INFORMATION SUPPLIED ▸
• • • •
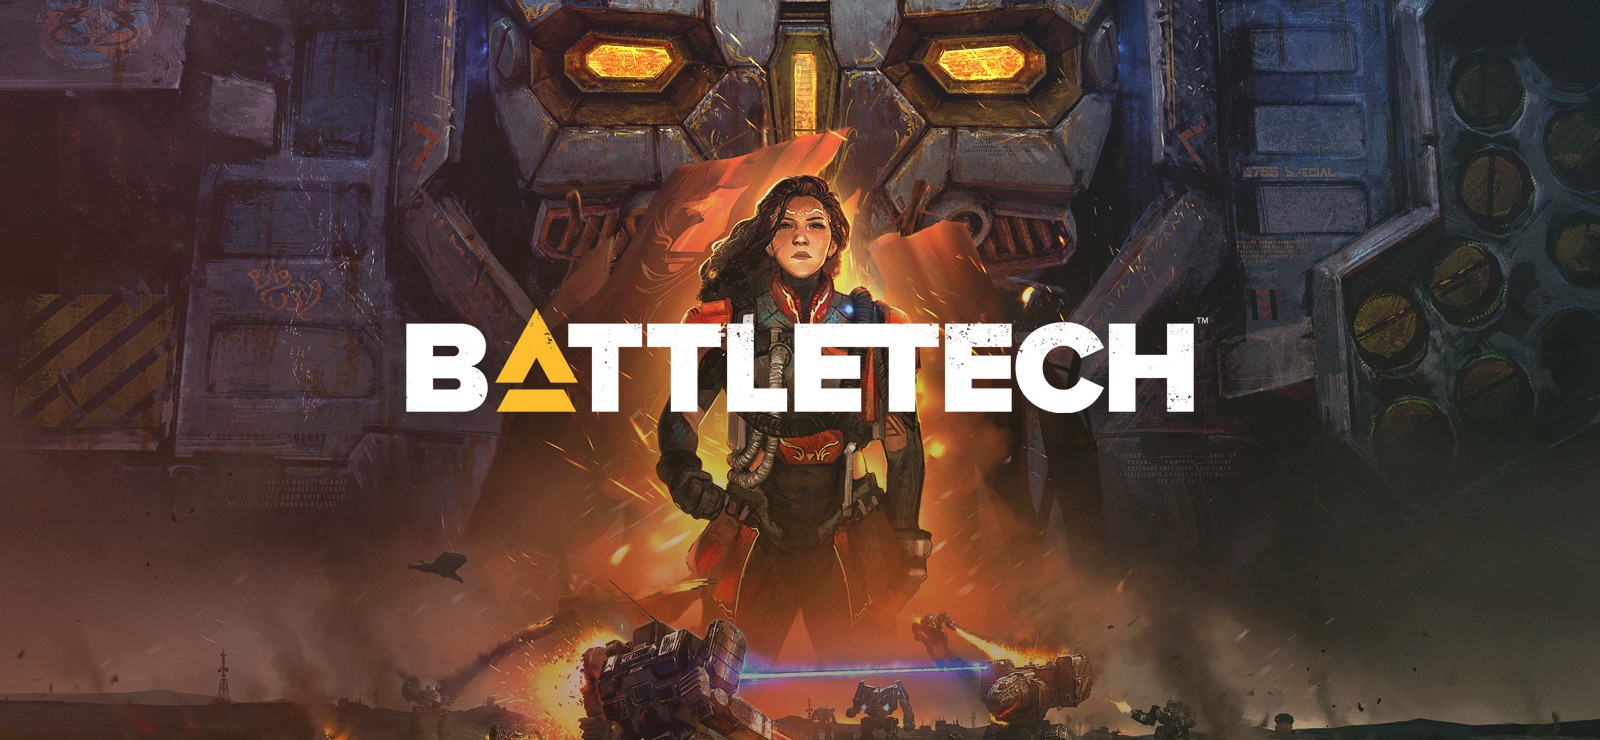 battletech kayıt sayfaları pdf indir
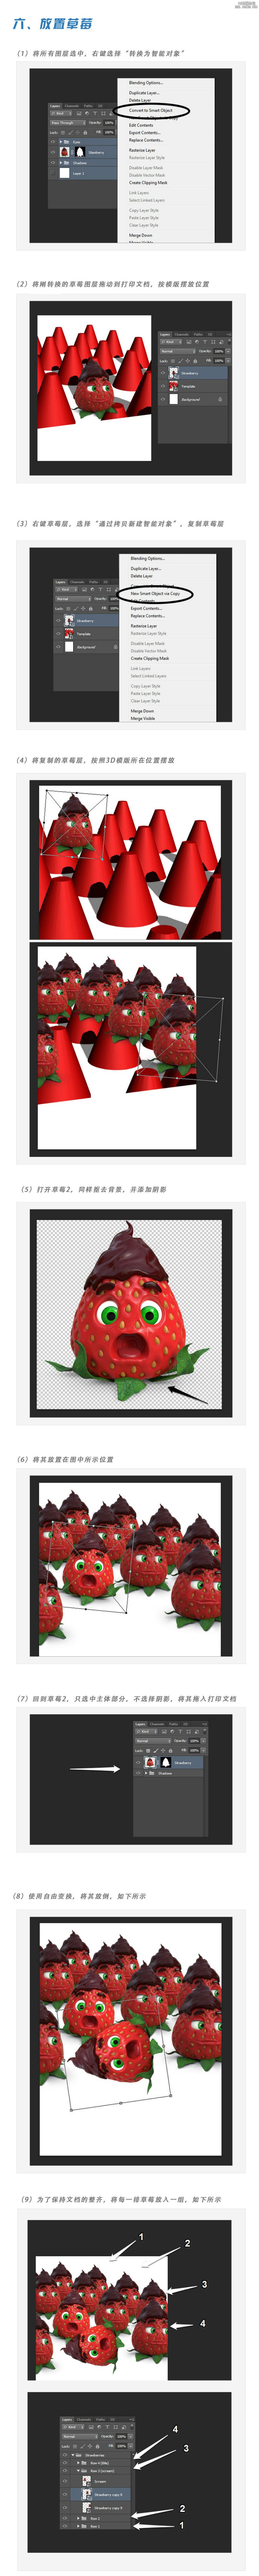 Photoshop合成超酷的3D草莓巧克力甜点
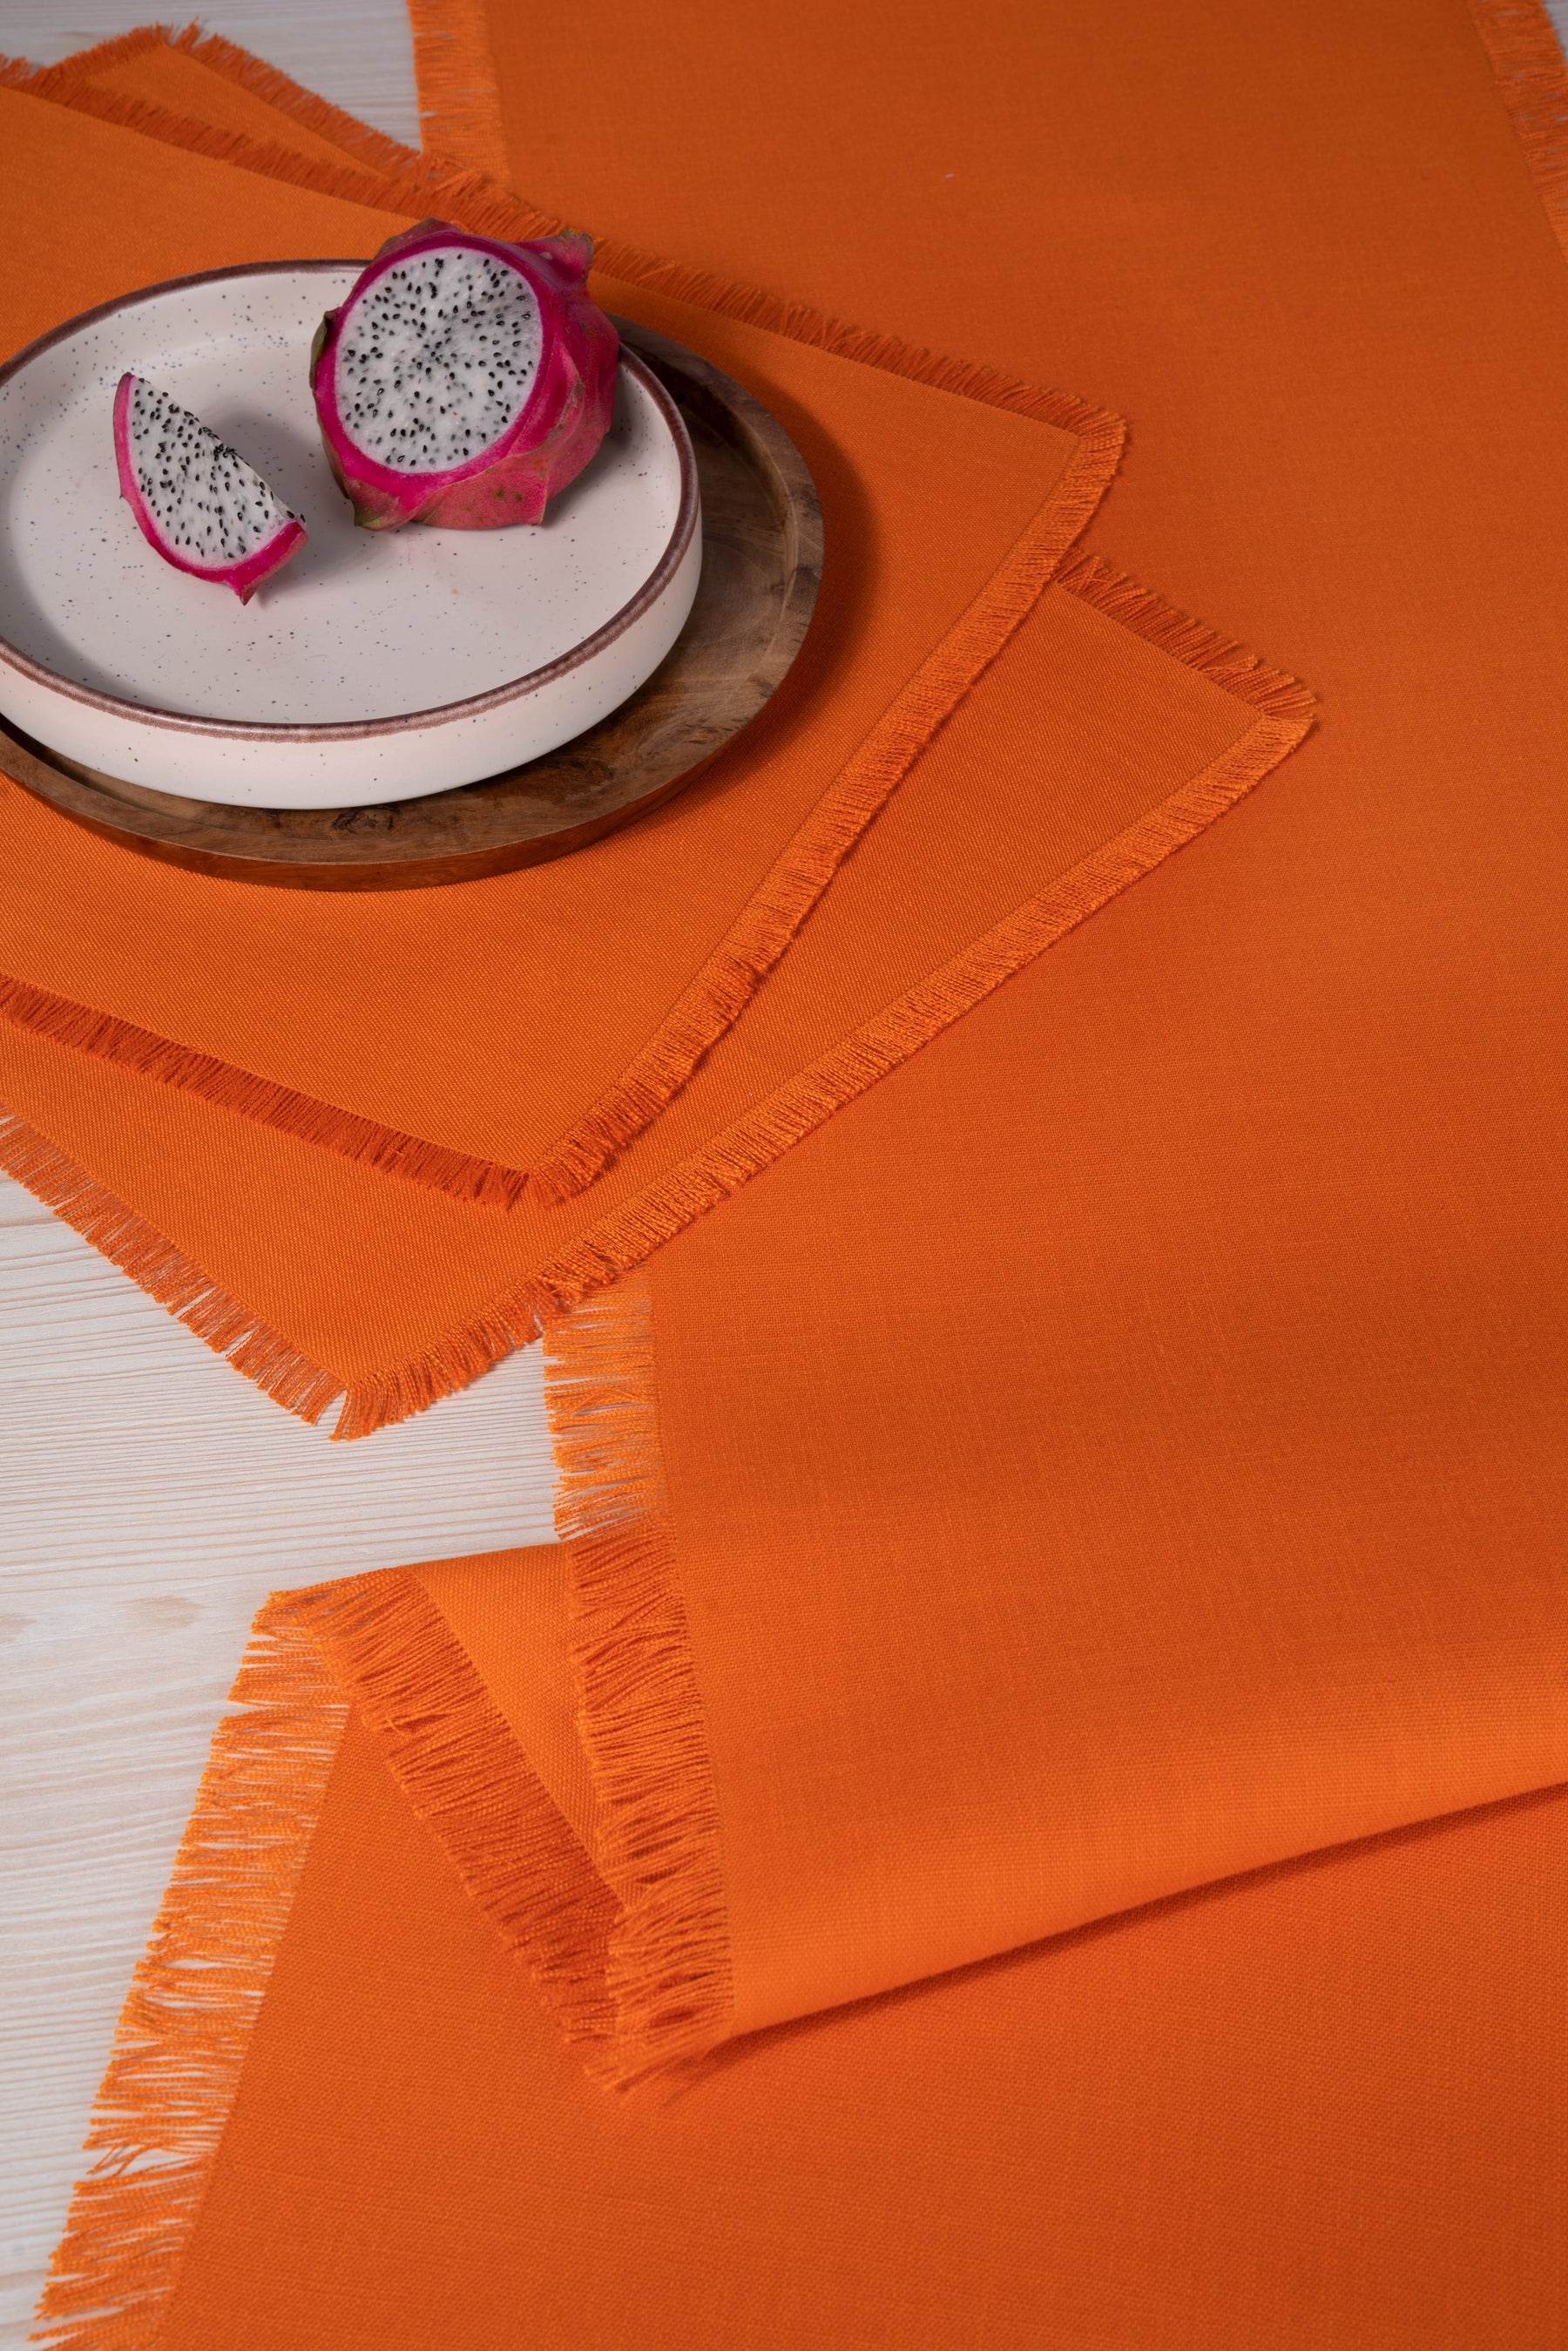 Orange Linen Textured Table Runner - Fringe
• • • •
EXERCISE DESCRIPTION ▸ Please write out the lines from the one that holds "Photoshop合成超酷的3D草莓巧克力甜点" through the end of the material, both ends included, exactly and with no pictures.

EXERCISE ANSWER ▸
 Photoshop合成超酷的3D草莓巧克力甜点
 Orange Linen Textured Table Runner - Fringe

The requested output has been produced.